• [EXERCISE] Repeat the data exactly as given below, dropping every picture.
[[ PROVIDED MATERIAL open ]]
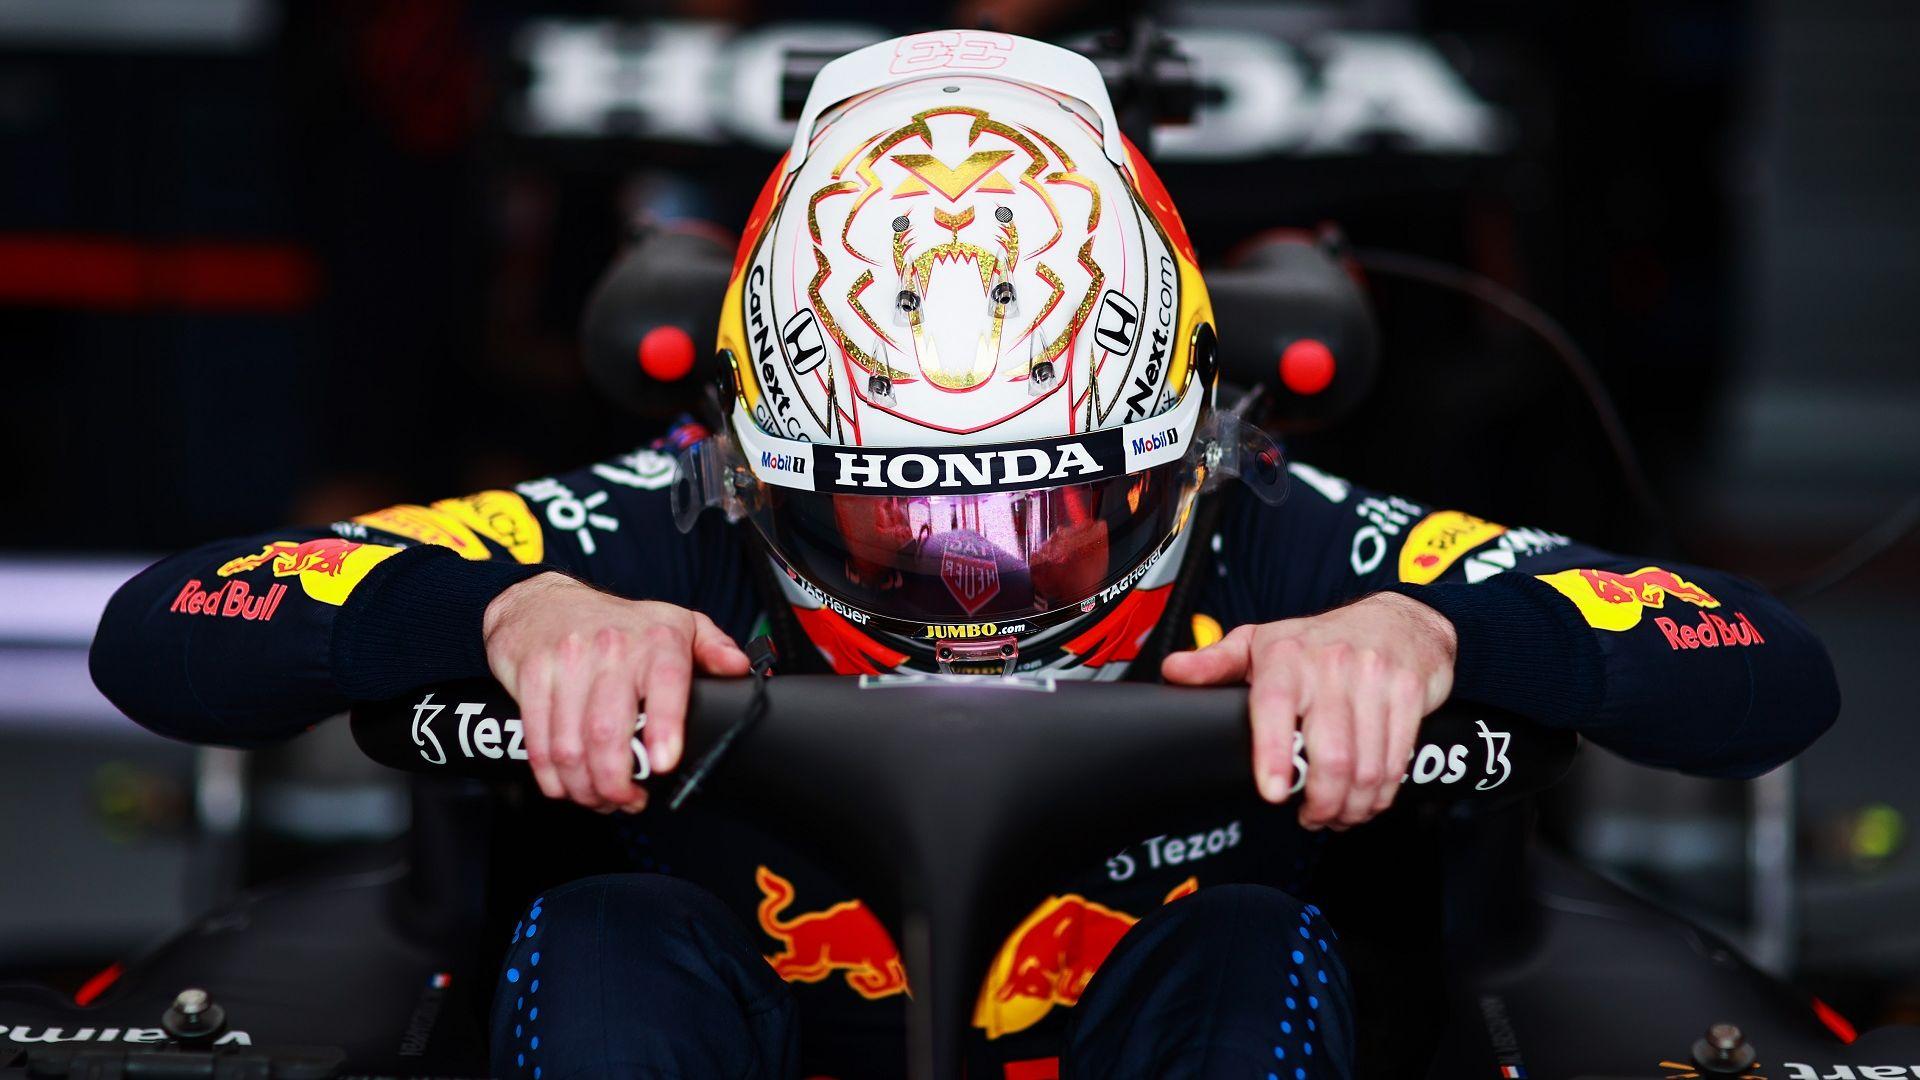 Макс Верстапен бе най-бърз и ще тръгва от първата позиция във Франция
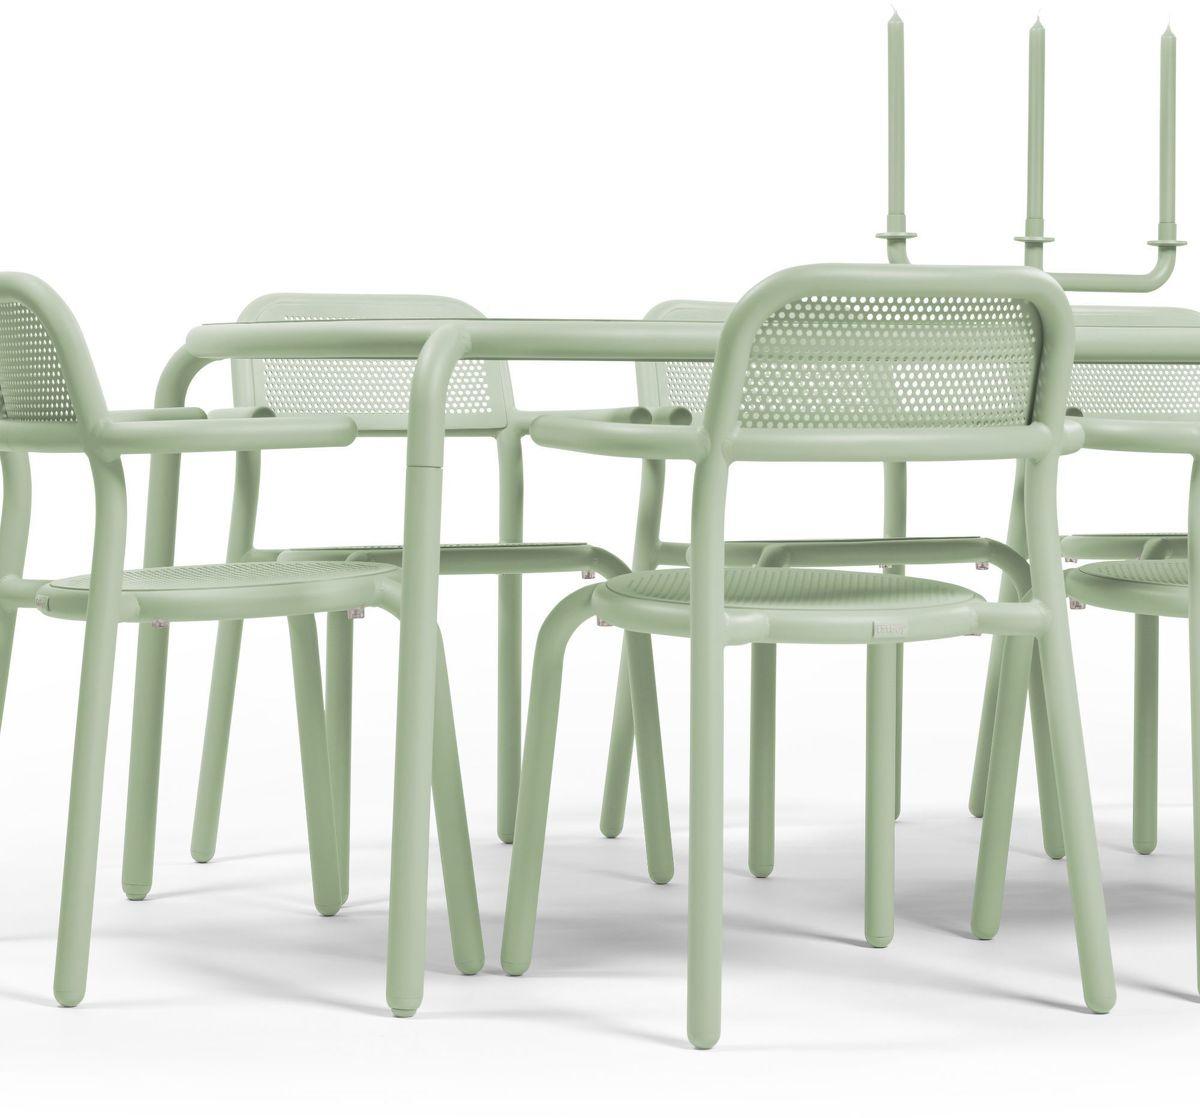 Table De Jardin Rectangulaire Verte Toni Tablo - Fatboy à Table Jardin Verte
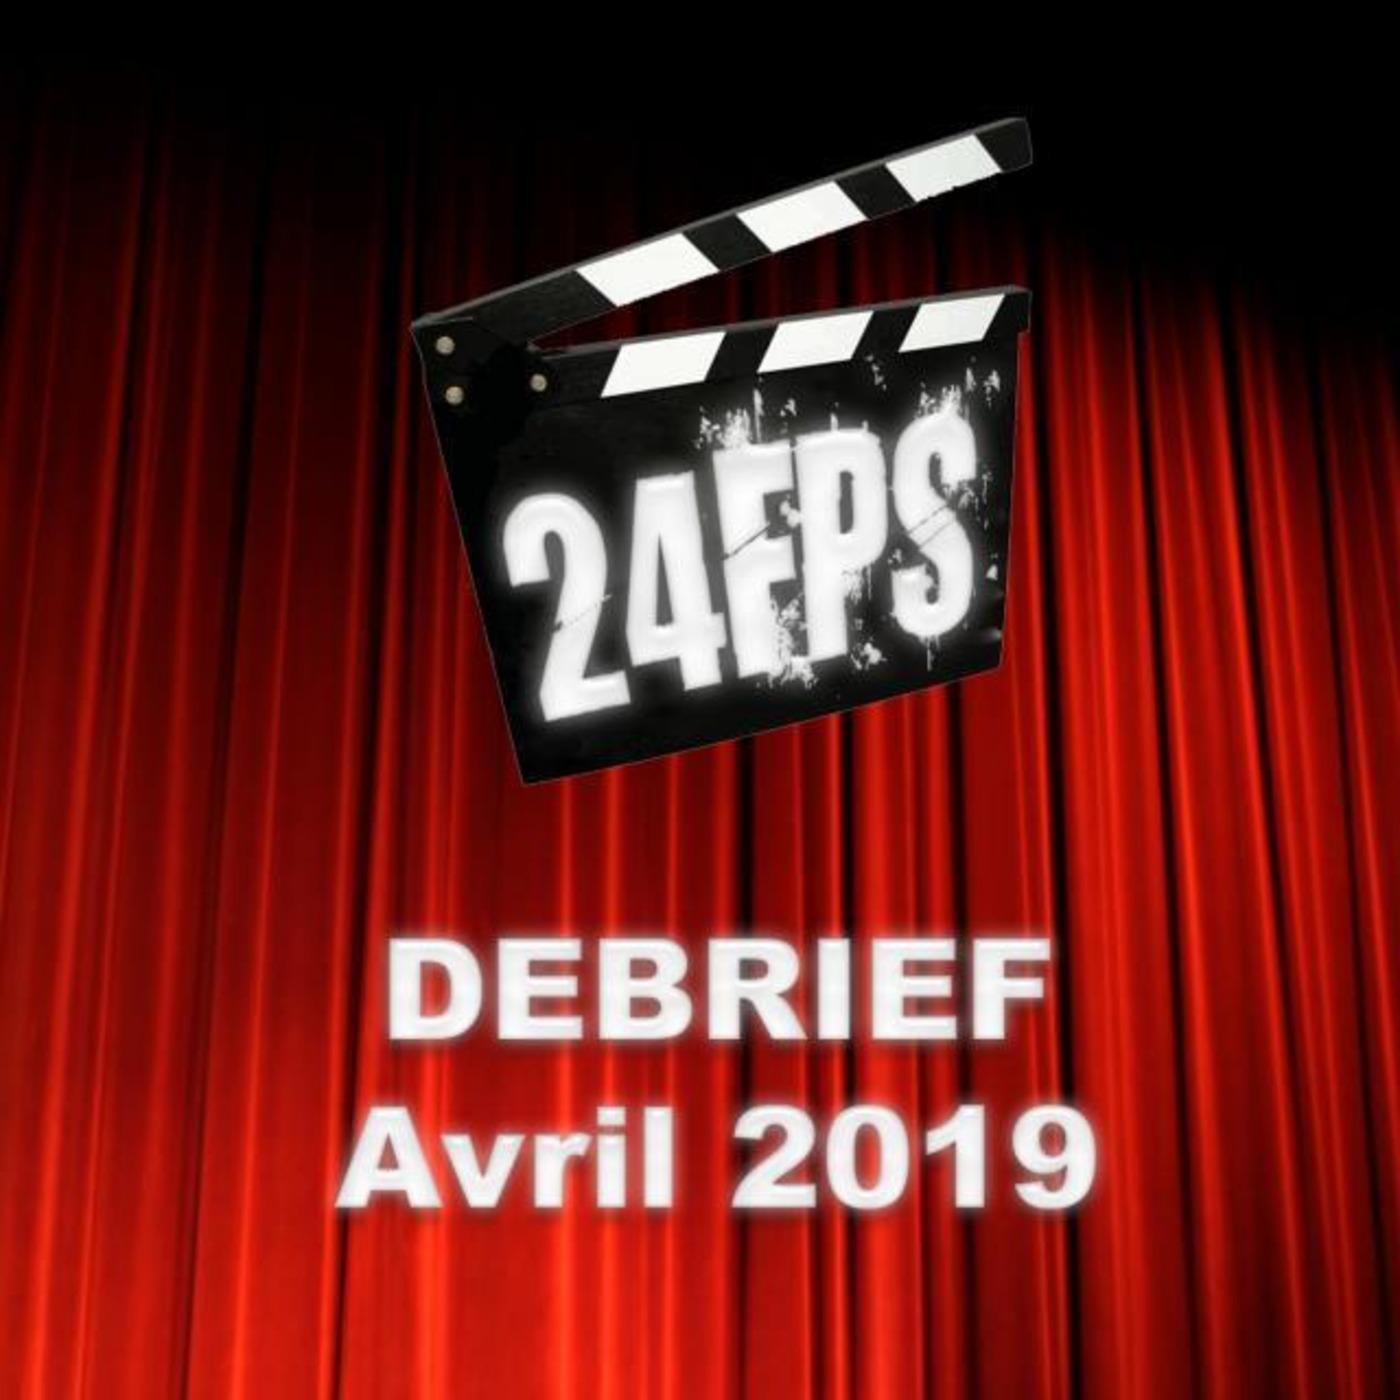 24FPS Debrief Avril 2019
[[ PROVIDED MATERIAL closed ]]
• [RESULT FOR THIS EXERCISE]
 Макс Верстапен бе най-бърз и ще тръгва от първата позиция във Франция
 Table De Jardin Rectangulaire Verte Toni Tablo - Fatboy à Table Jardin Verte
 24FPS Debrief Avril 2019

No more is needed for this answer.